====== Collected material

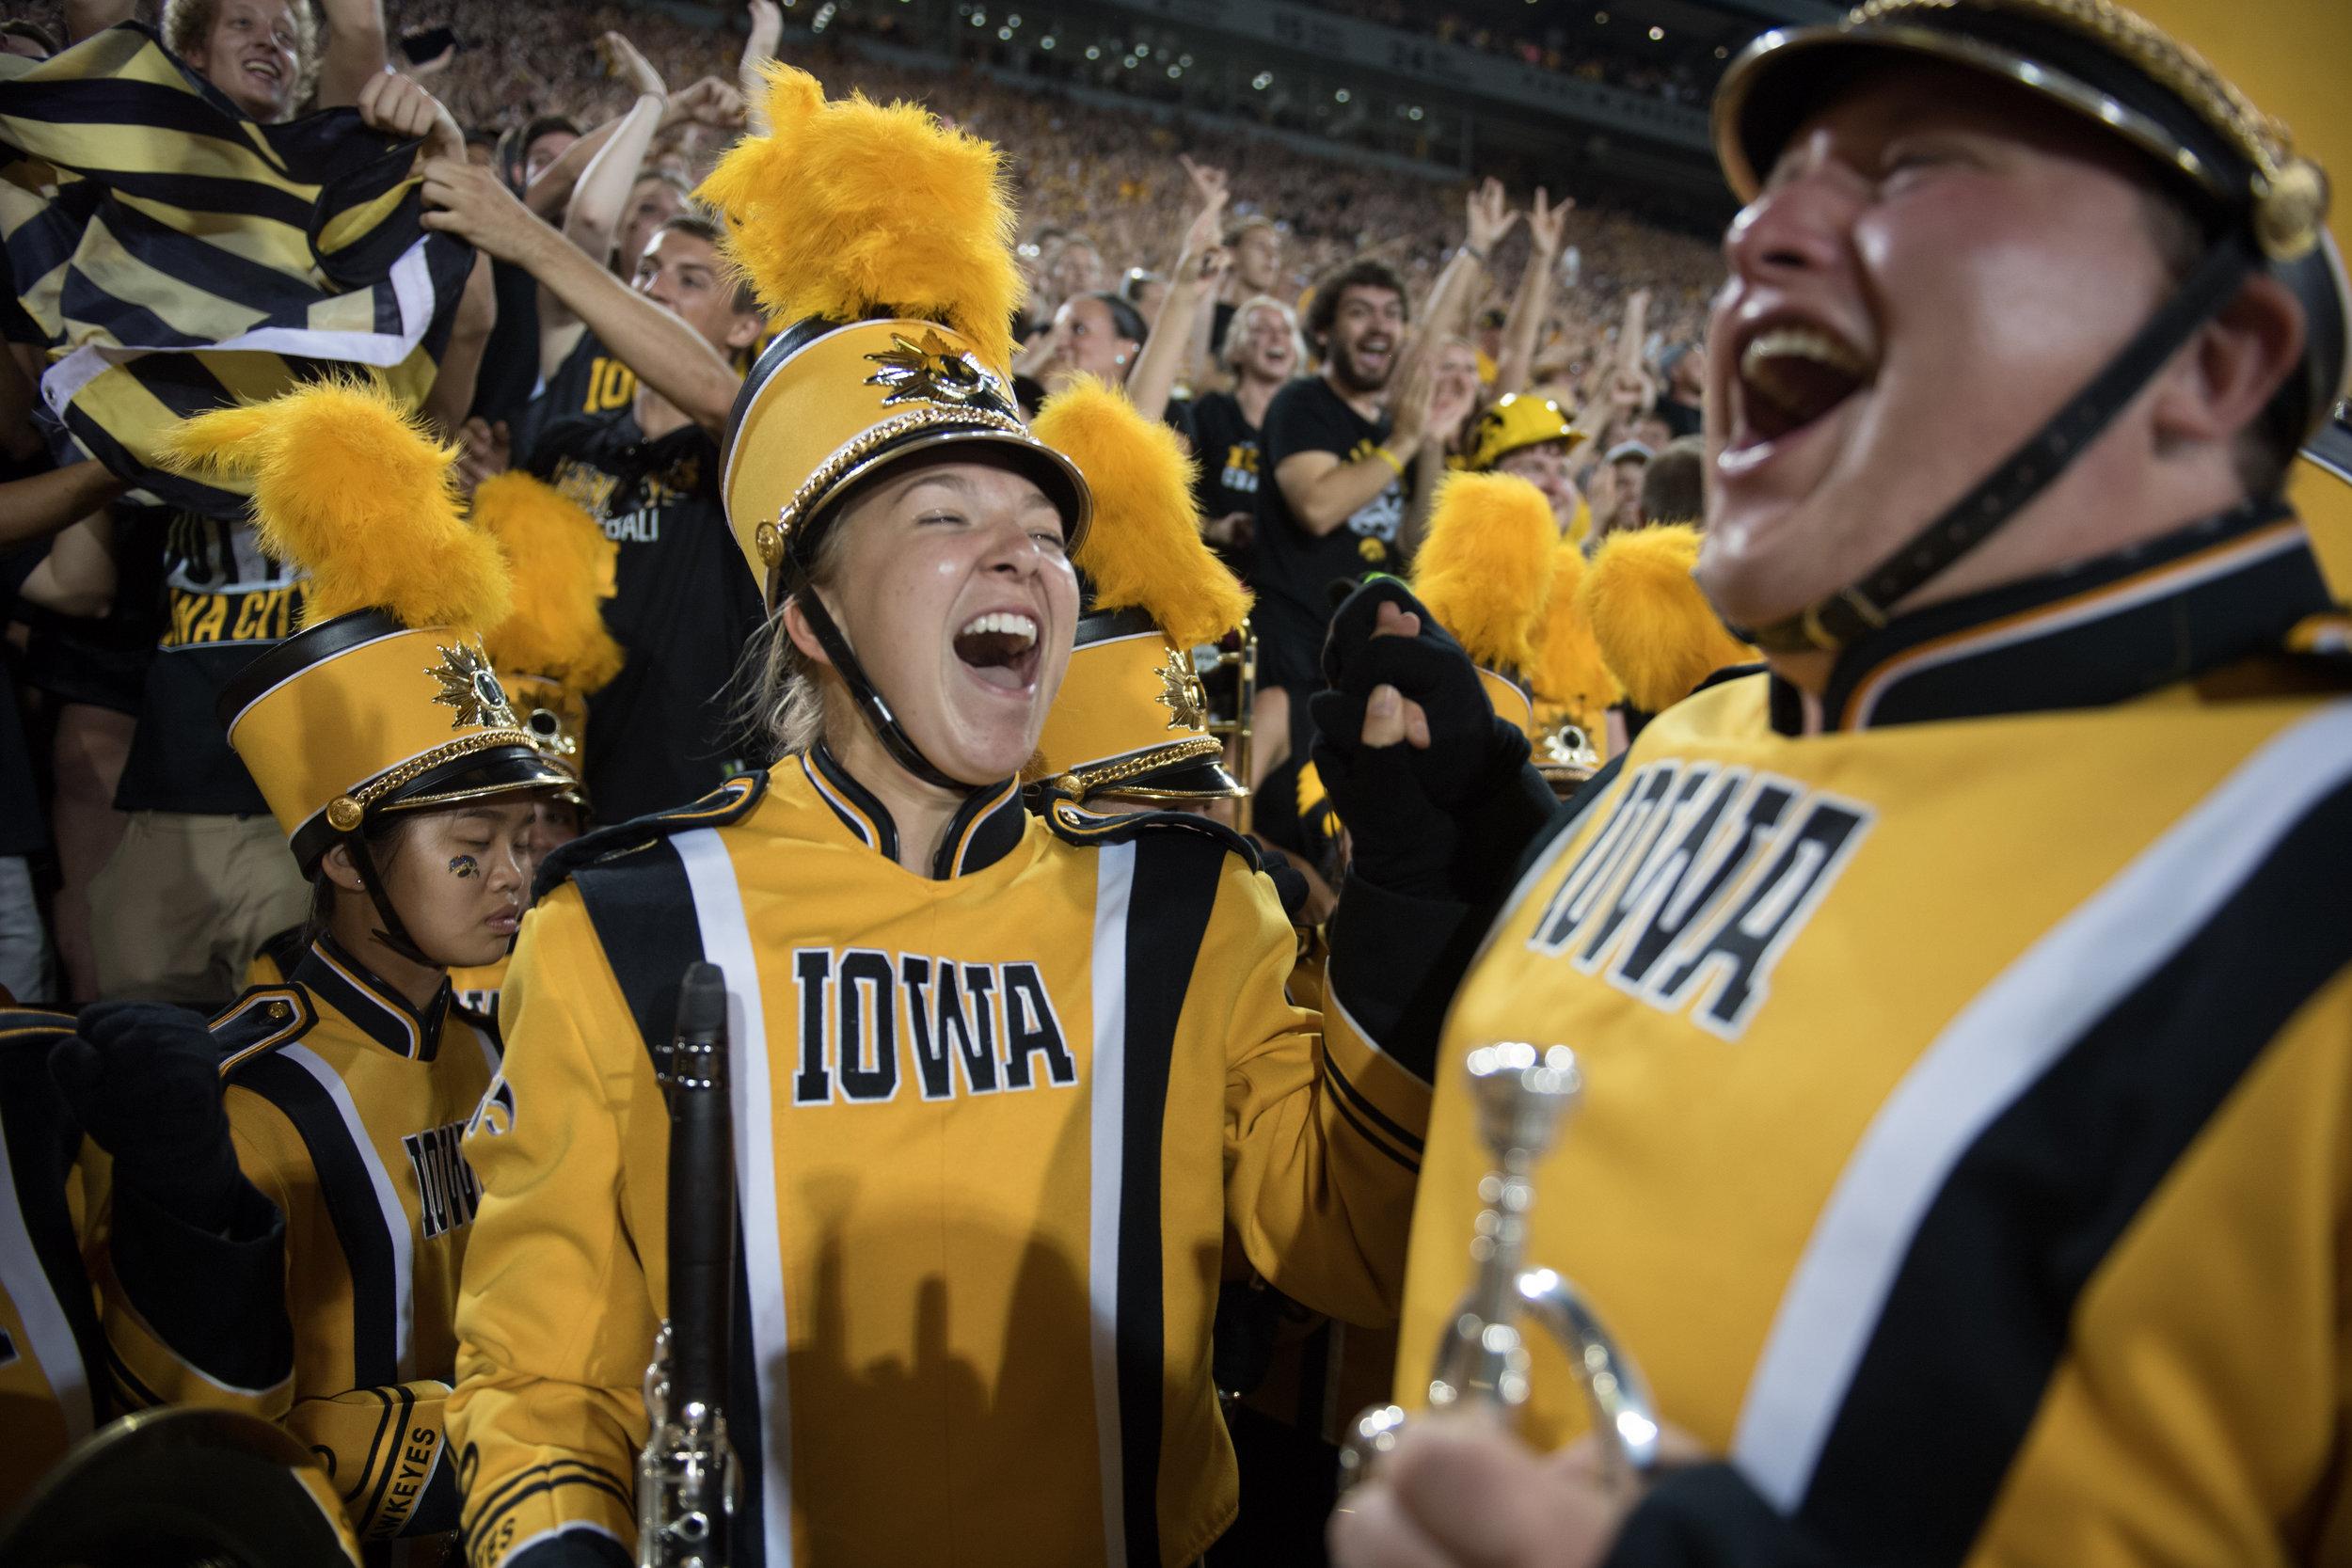 2017_09_23-Iowa v Penn State-tschoon-118.JPG
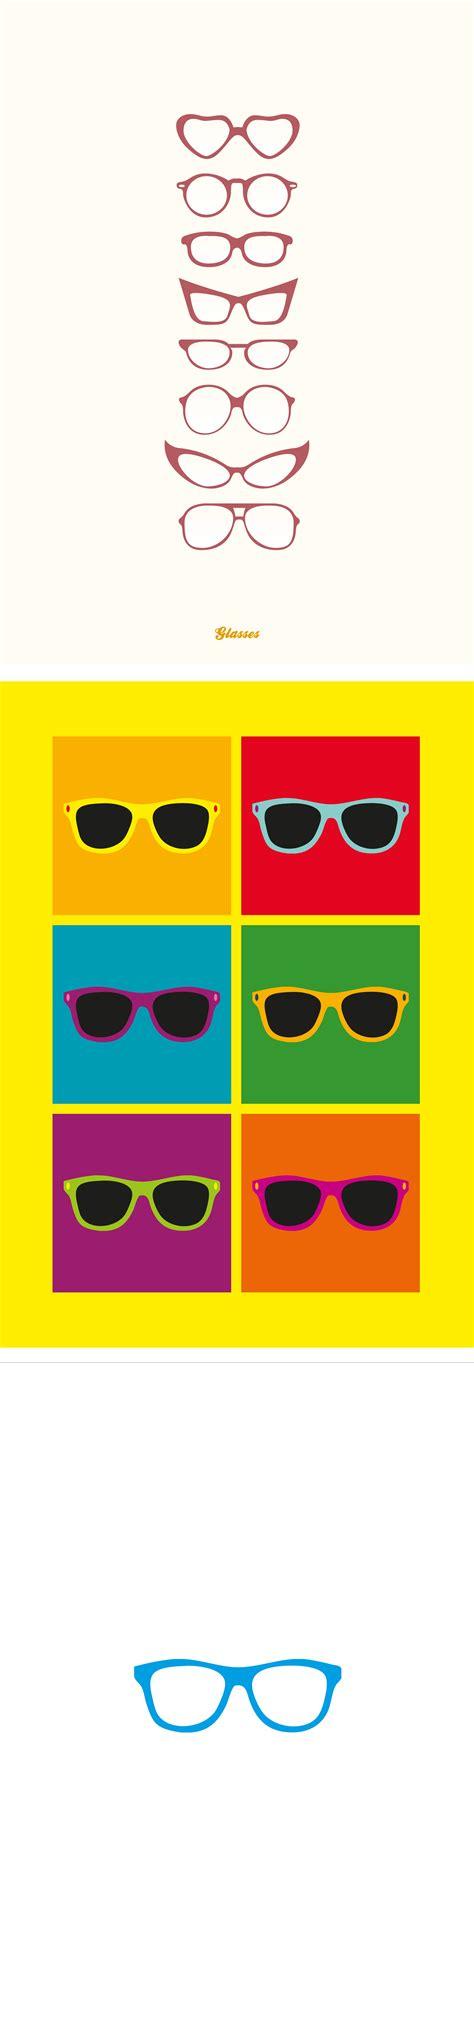 glasses glasses glasses card designs  wwwmyworldco
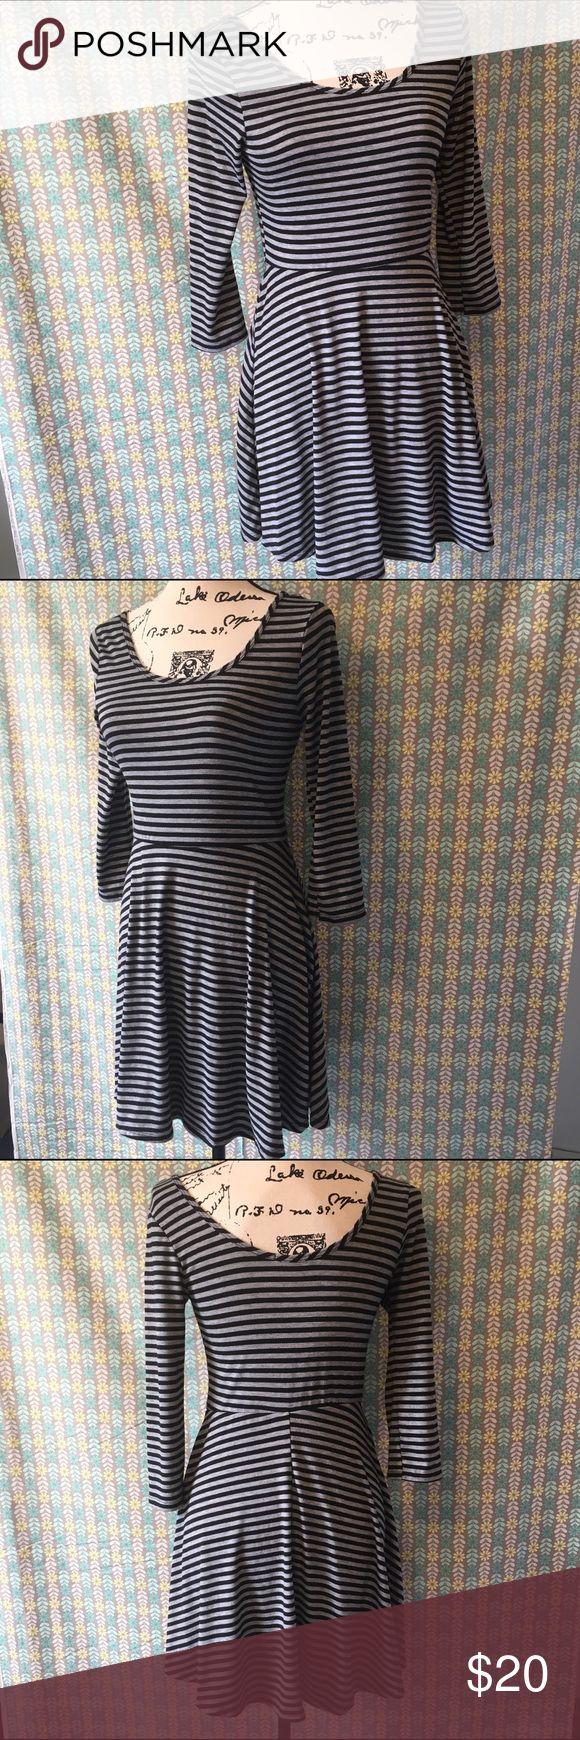 Delias skater dress. Medium Delias scoop neck skater dress. 3/4 sleeves with Black and grey stripes. Light rayon fabric with spandex waistband. Delias Dresses Mini

============

> [Task to carry out]:
Write the data out again exactly, but without its images.

> [Task solution]:
 2017_09_23-Iowa v Penn State-tschoon-118.JPG
 glasses glasses glasses card designs  wwwmyworldco
 Delias skater dress. Medium Delias scoop neck skater dress. 3/4 sleeves with Black and grey stripes. Light rayon fabric with spandex waistband. Delias Dresses Mini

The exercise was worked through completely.